» Supplied data
-*-
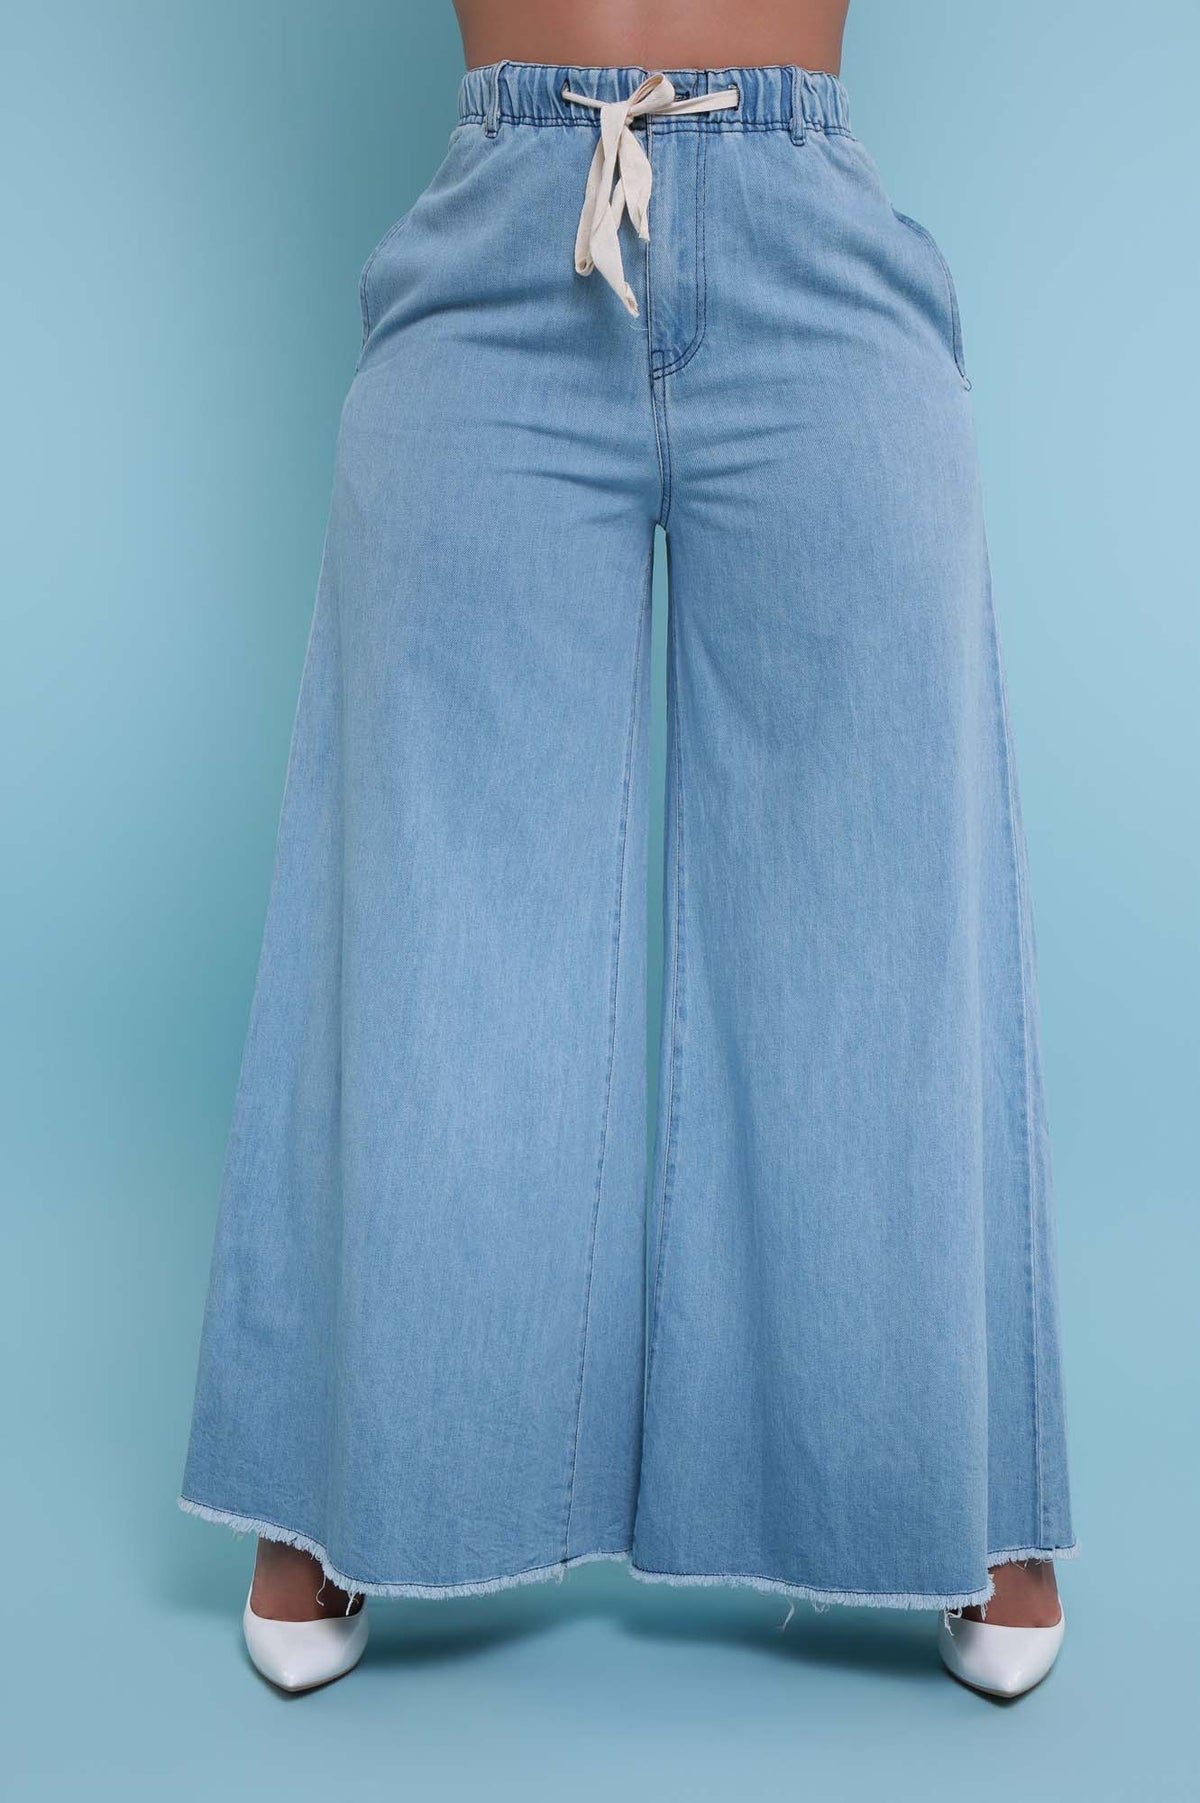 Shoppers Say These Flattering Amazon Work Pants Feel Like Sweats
-*-
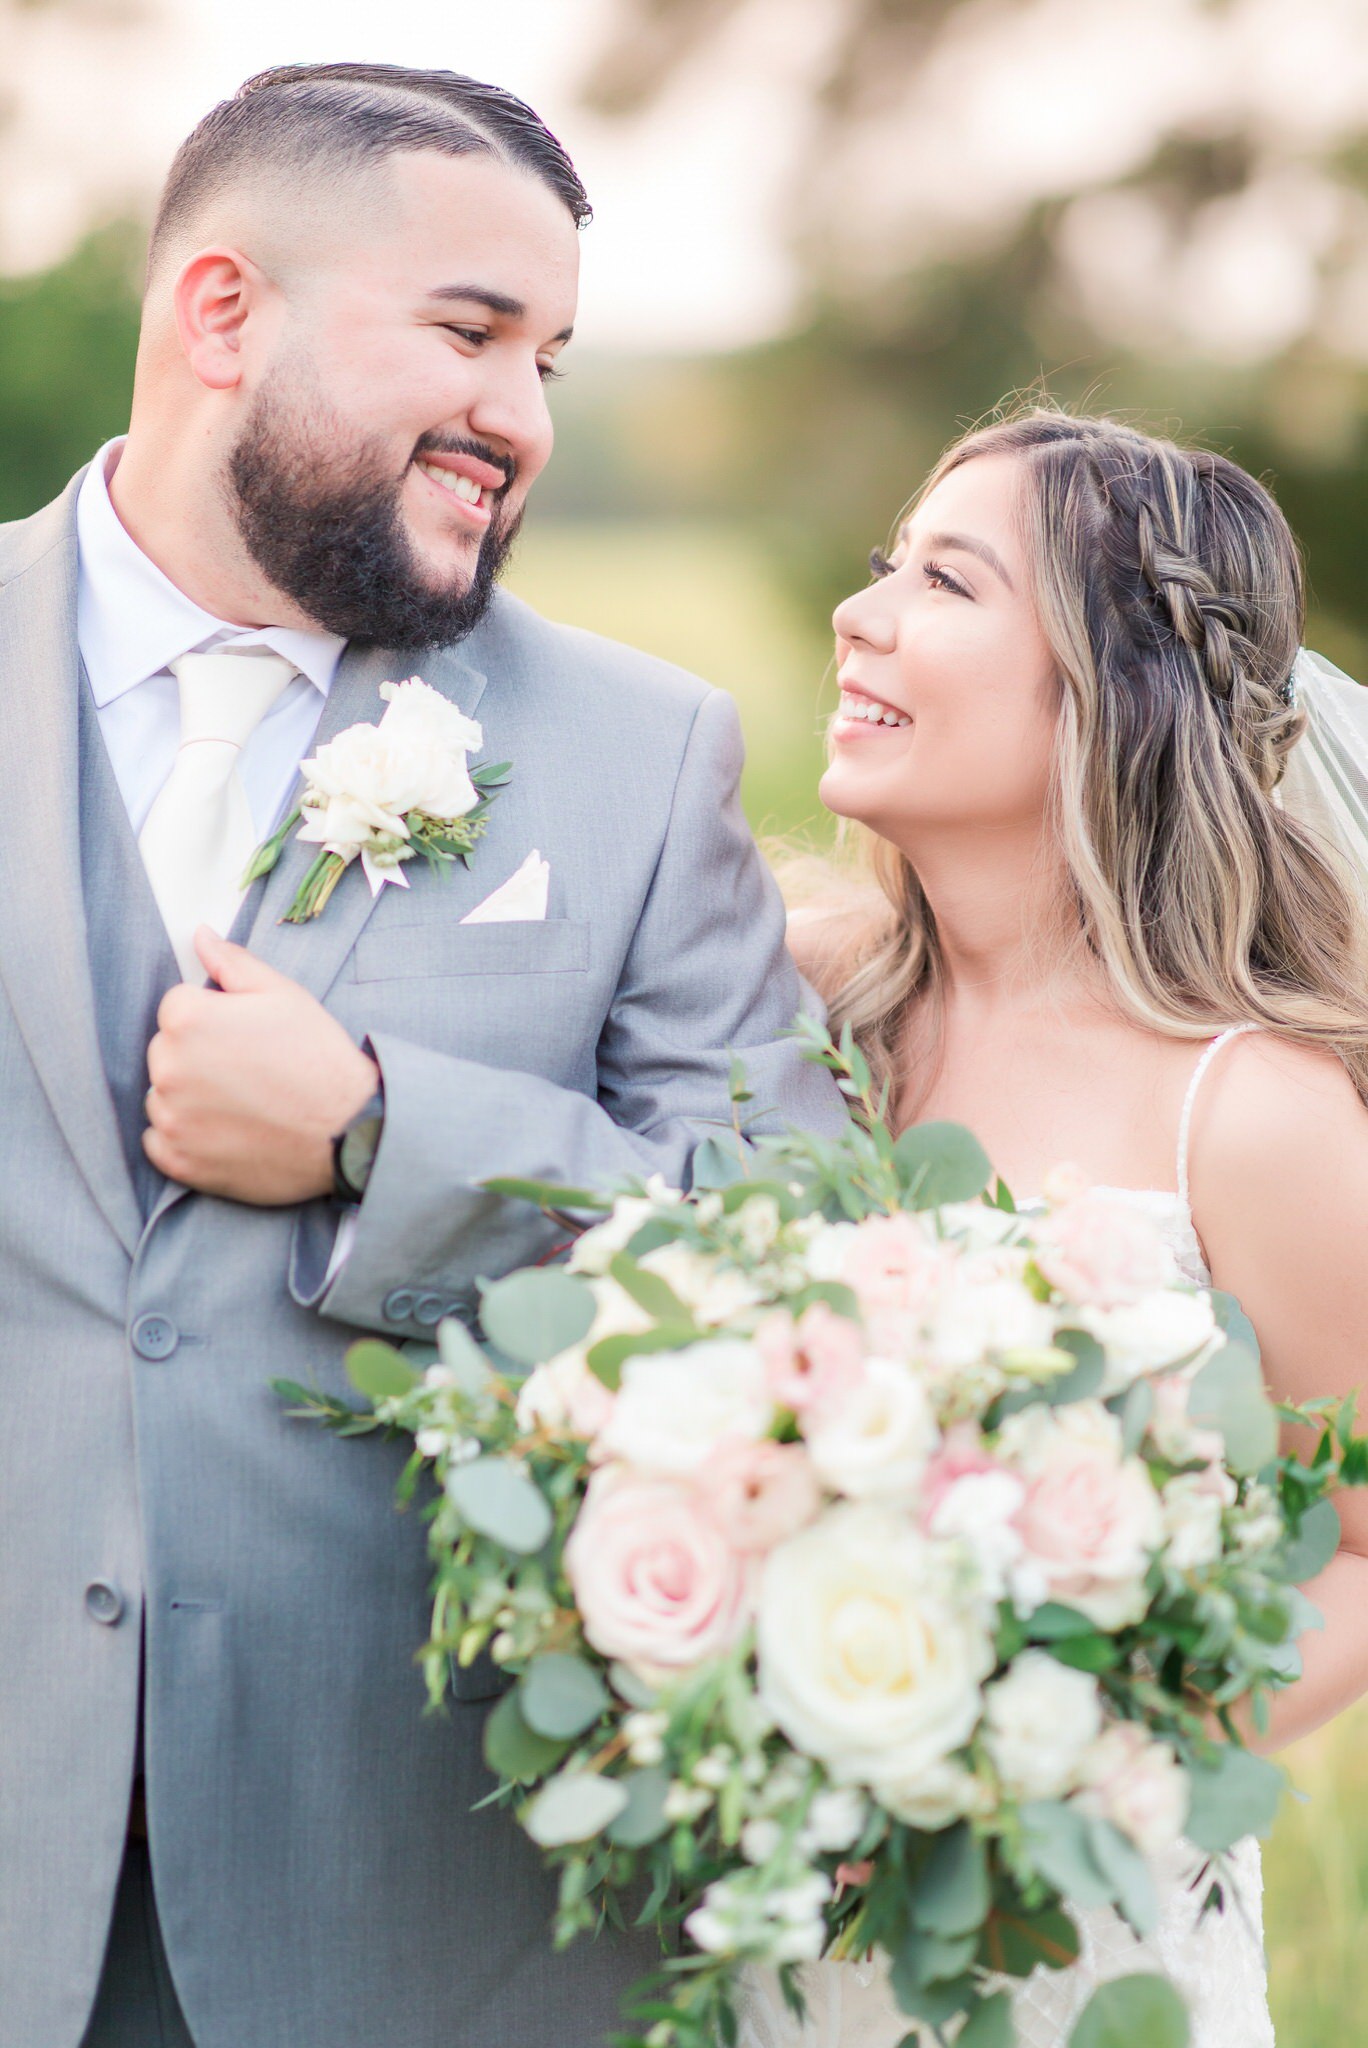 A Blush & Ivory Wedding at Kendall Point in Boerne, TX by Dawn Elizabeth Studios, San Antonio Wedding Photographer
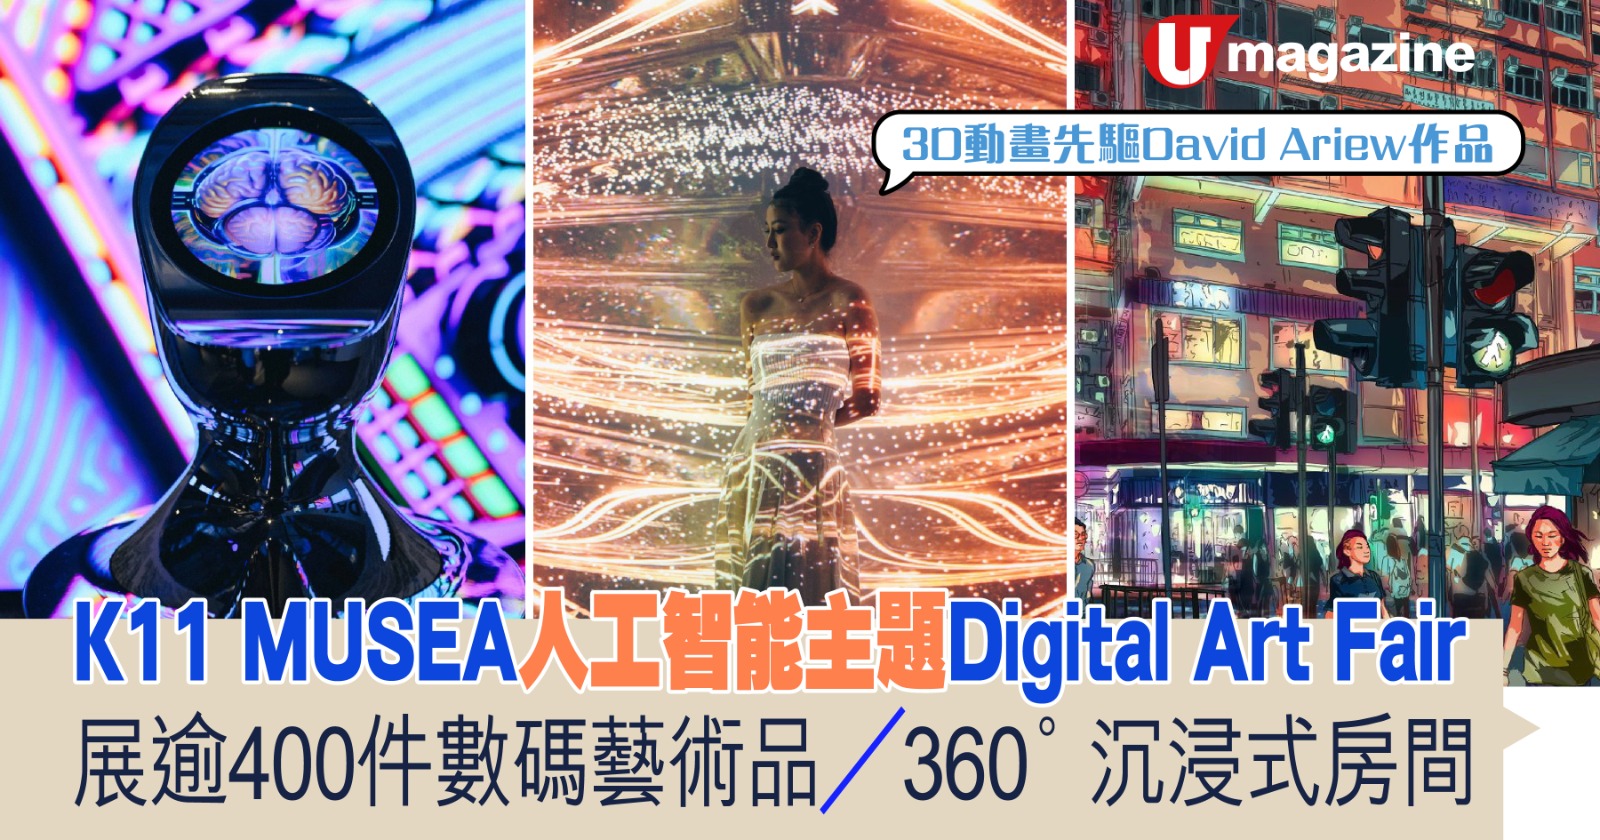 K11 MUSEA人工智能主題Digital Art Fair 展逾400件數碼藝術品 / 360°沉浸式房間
-*-
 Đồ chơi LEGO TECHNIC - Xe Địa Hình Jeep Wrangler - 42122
-*-
Within these entries, output exactly the lines starting at the one with "A Blush & Ivory" and finishing at the one with "K11 MUSEA人工智能主題Digital Art". Leave pictures out of the output.

 A Blush & Ivory Wedding at Kendall Point in Boerne, TX by Dawn Elizabeth Studios, San Antonio Wedding Photographer
 K11 MUSEA人工智能主題Digital Art Fair 展逾400件數碼藝術品 / 360°沉浸式房間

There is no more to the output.